Today's Story Line

China and America have had a long love-hate relationship. Ties are warm one day, cold the next. With the Cox report now alleging Chinese theft of US nuclear secrets - coming just after the US bombing of the Chinese Embassy in Belgrade - the world may wonder if a new cold war is upon us. But the relationship is very different from that of Soviet-US ties.

Each NATO country has seen erosion of public support for the war in Yugoslavia. In Dayton, Ohio, the US city that hosted the 1995 peace talks for the Bosnia war, people are wary of sending American troops into Kosovo.

Is the Yugoslav military cracking, as NATO claims? Protests by Army reservists have led some observers to predict wider splits.

Young Serbs have been fleeing their homeland even before the war. Many are now plotting to exit, although young men are barred from leaving. They see no future in a country that will have to be rebuilt. Quote of note: "The only way I would go to America would be as a terrorist." Tatijana, a student in Novi Sad.

One East European state that missed the train to join the West has a chance to catch up. Voters in Slovakia (once half of Czechoslovakia) are expected to elect a pro-West president on Saturday.

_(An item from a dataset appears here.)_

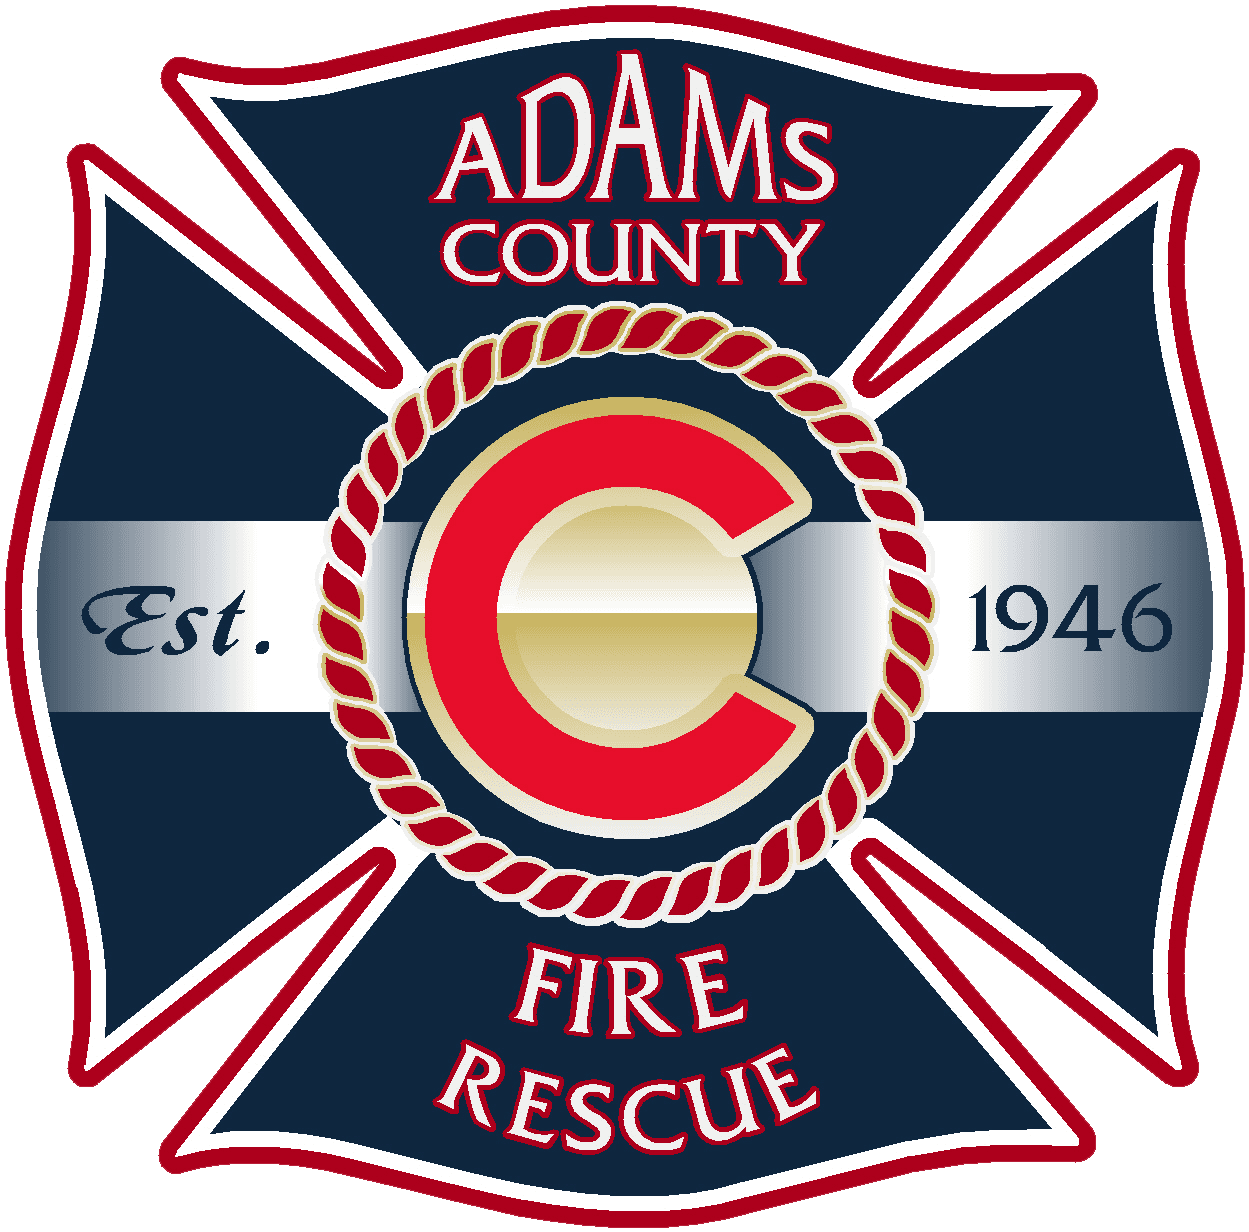 Adams County Fire Rescue

REPORTERS ON THE JOB *HUDDLED MASSES: In recent weeks, Slovaks have grown more vocal in their denunciation of NATO's bombing campaign against fellow Slavic Serbs in Yugoslavia. But their country's high unemployment problem apparently takes precedence. Correspondent David Schwenk saw long lines of people applying for visas at the US Embassy in Bratislava, even as crowds of protesters gathered outside. An Embassy diplomat told David the demonstrations occur "like clockwork" every day at 5 p.m., after those with jobs leave work.

PICTURE OF THE DAY *THUMBS UP IN SERBIA: A group of young people line up on a bridge to hitchhike in Belgrade, Yugoslavia on Wednesday. An oil shortage caused by NATO bombing has forced many citizens in the capital to seek alternative transportation.